# REQUIREMENT:
When you restate the data, keep every word as it is and drop the images.

# GIVEN MATERIAL:

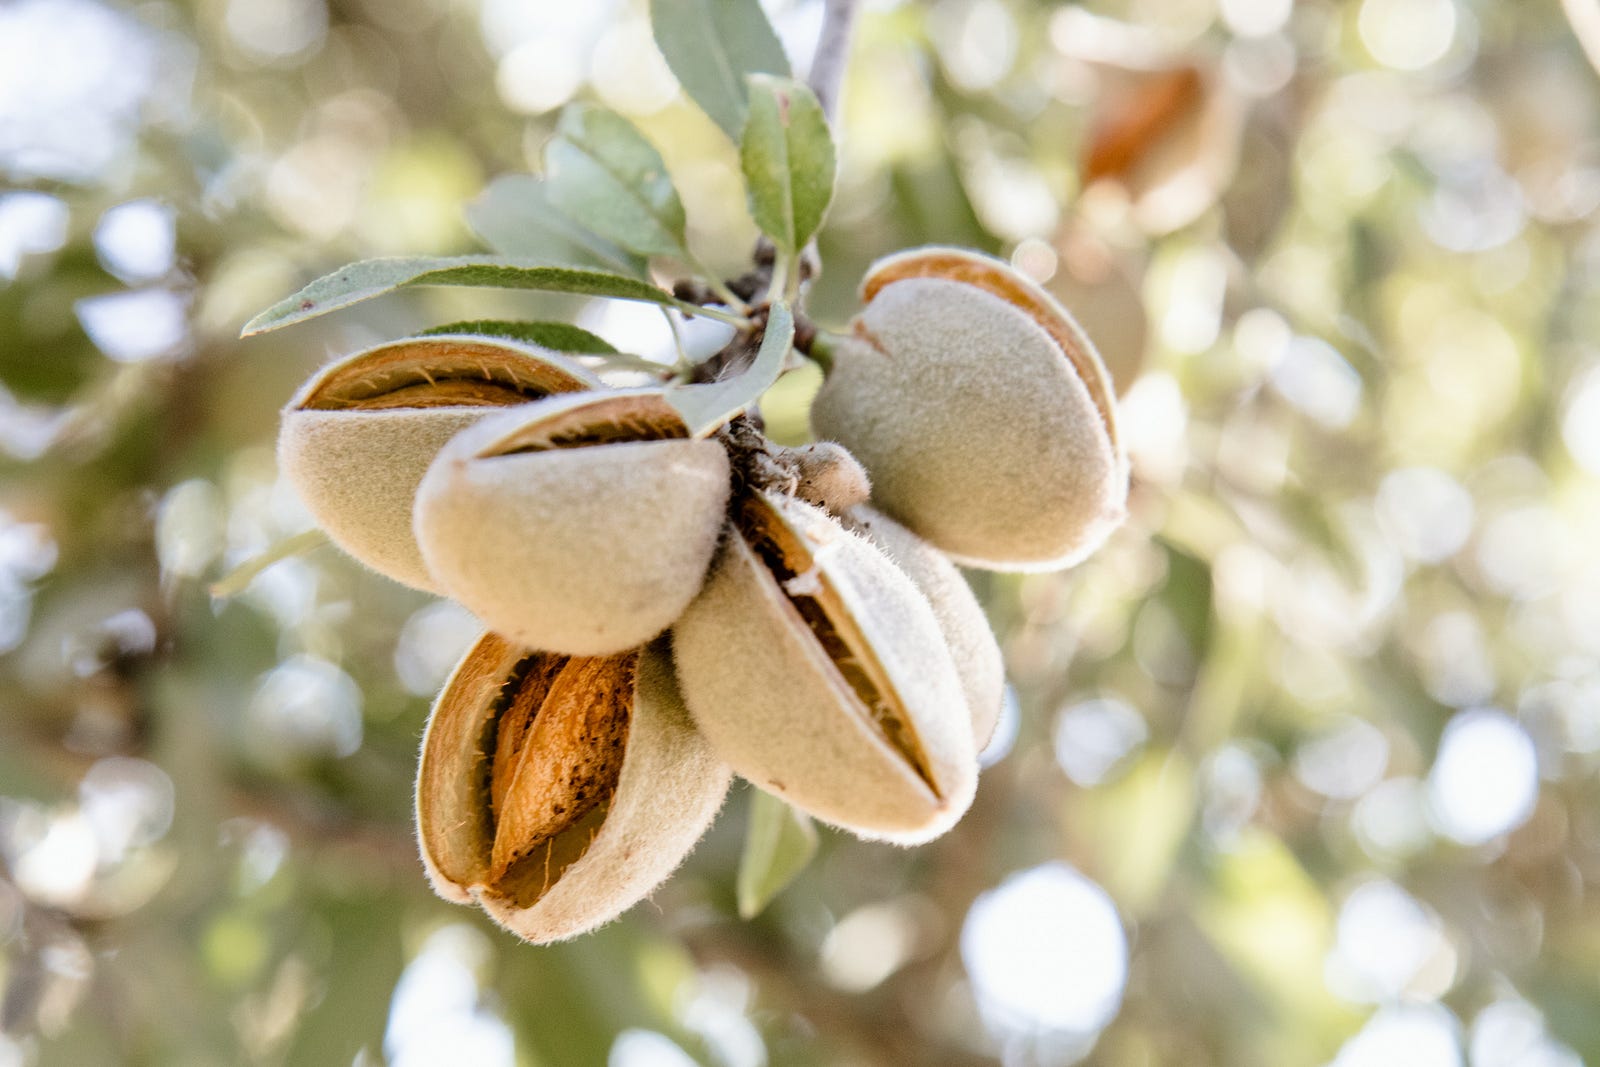 Wee see a bunch of almonds in close-up, hanging from a tree. Examining the effects of energy-restricted diets supplemented with Californian almonds or carbohydrate-rich snacks, researchers found that both diets reduced body weight by about 7 kilograms.
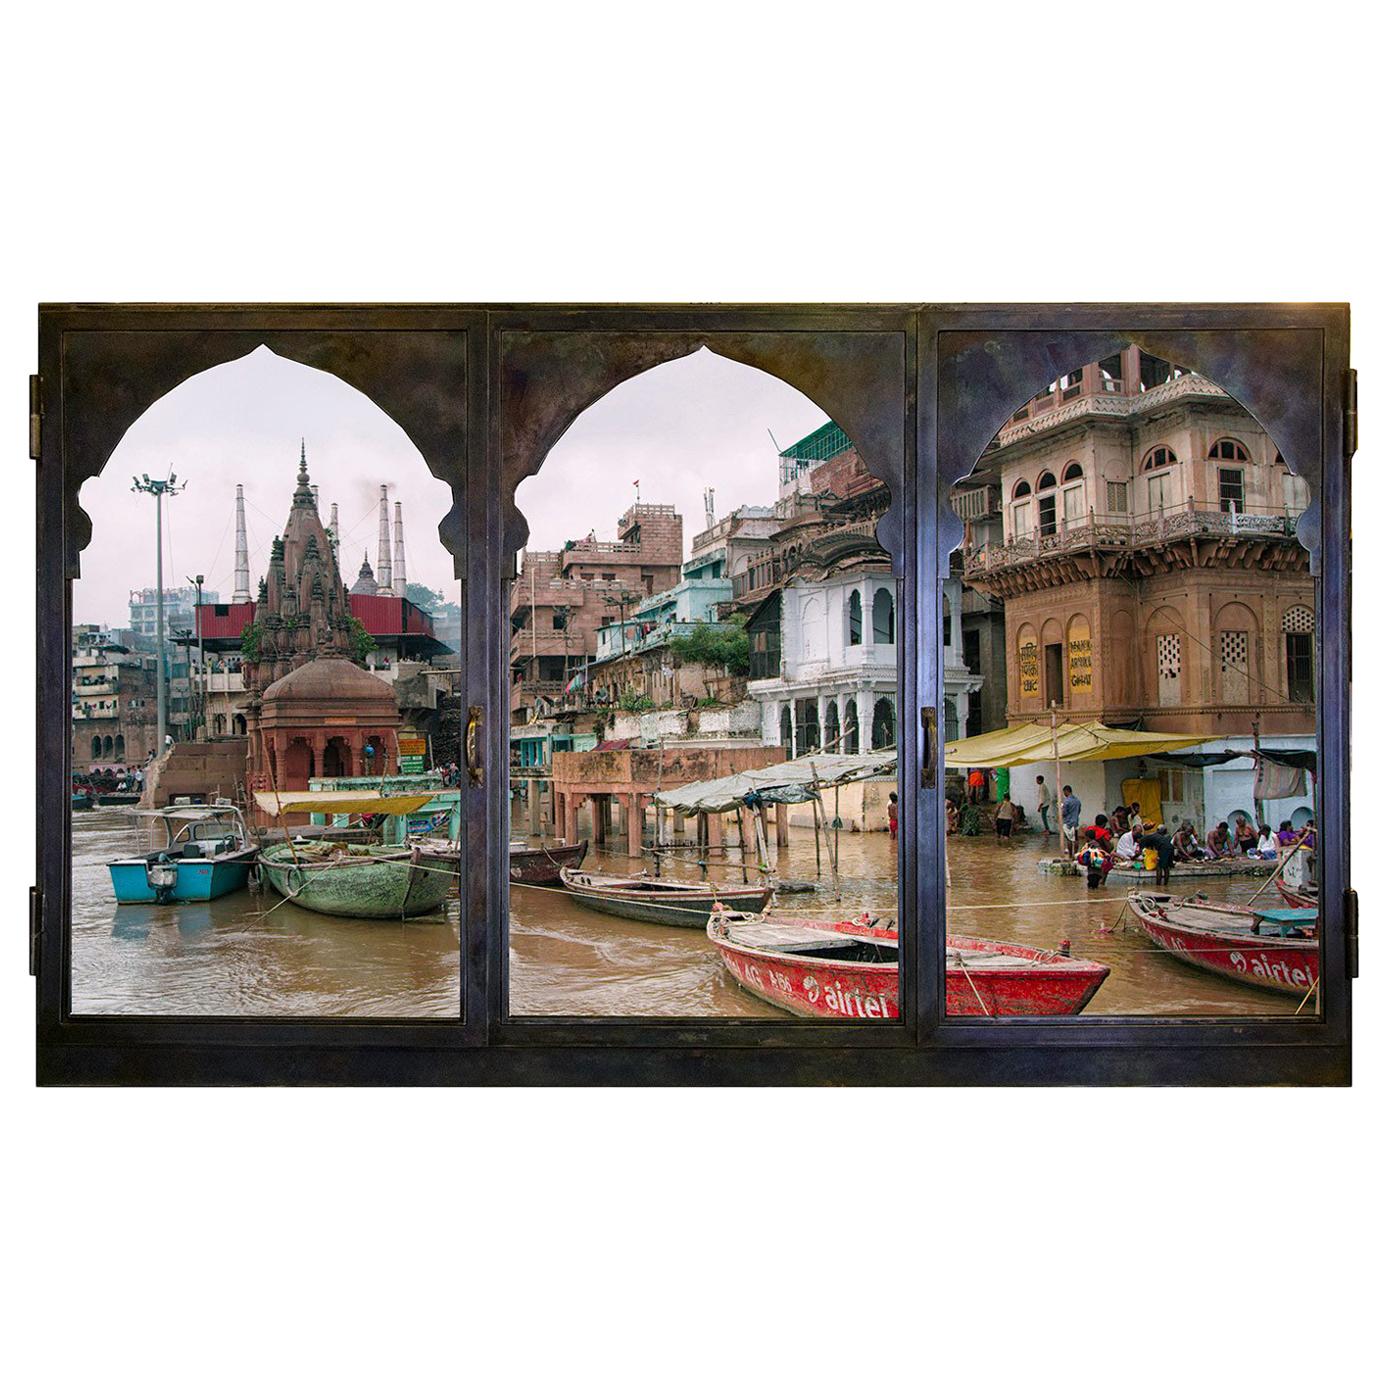 Anotherview n.14 On the Ganges During Monsoon For Sale
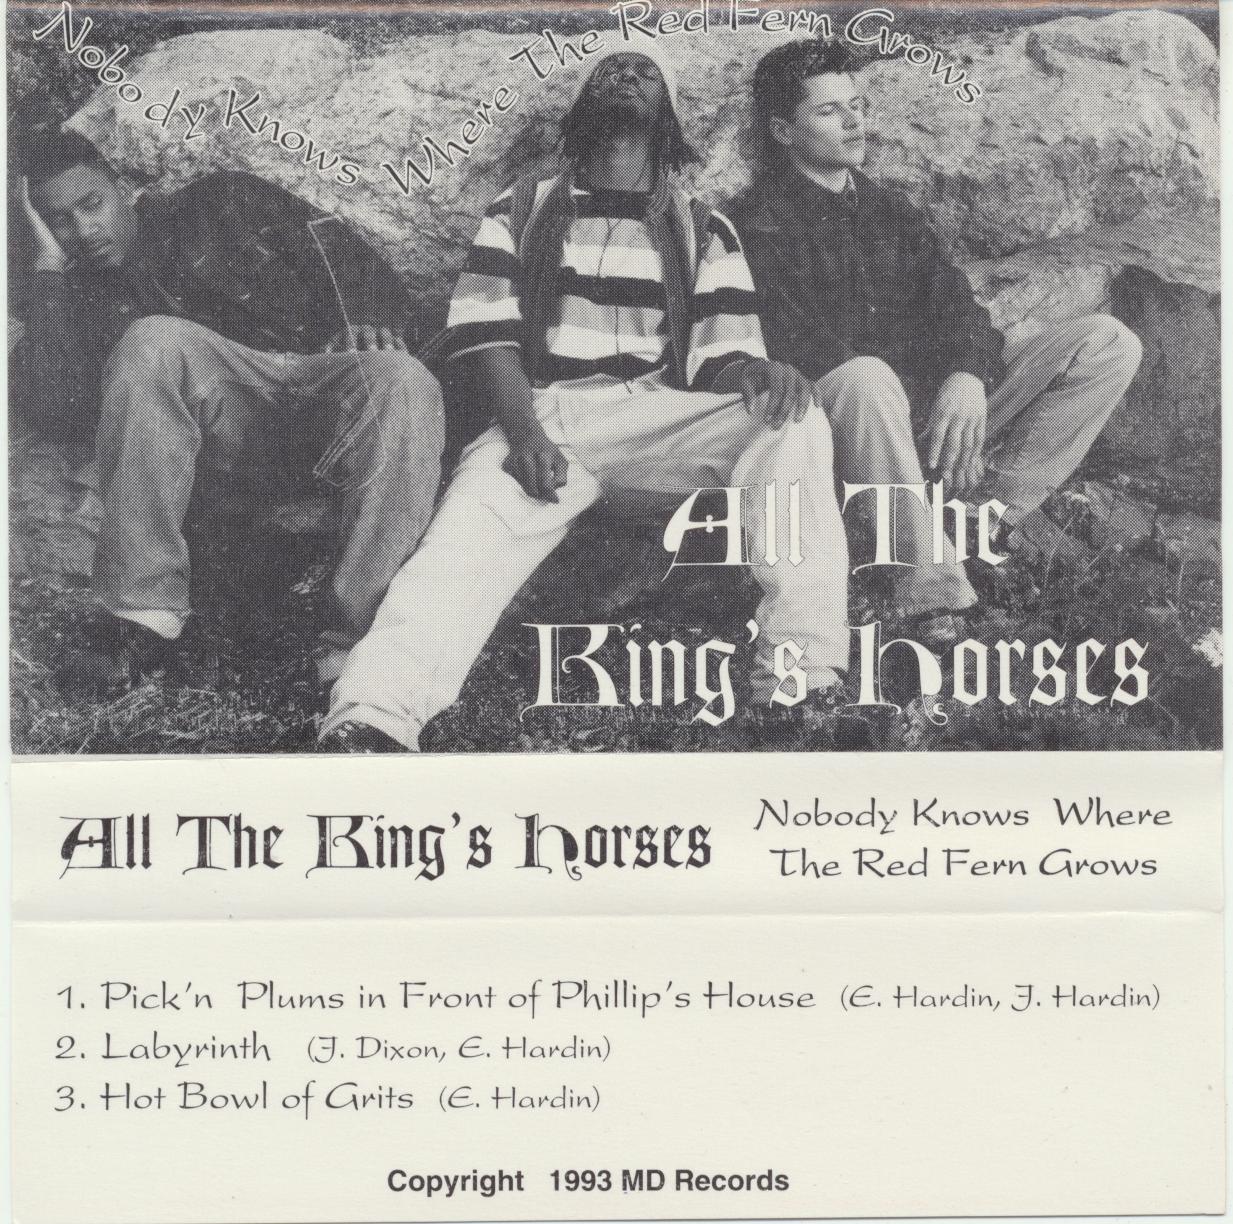 Karmina - all the King's Horses обложка альбома. 1995 - Raoul and the Kings of Spain. Nobody know where

# WRITTEN ANSWER:
 Wee see a bunch of almonds in close-up, hanging from a tree. Examining the effects of energy-restricted diets supplemented with Californian almonds or carbohydrate-rich snacks, researchers found that both diets reduced body weight by about 7 kilograms.
 Anotherview n.14 On the Ganges During Monsoon For Sale
 Karmina - all the King's Horses обложка альбома. 1995 - Raoul and the Kings of Spain. Nobody know where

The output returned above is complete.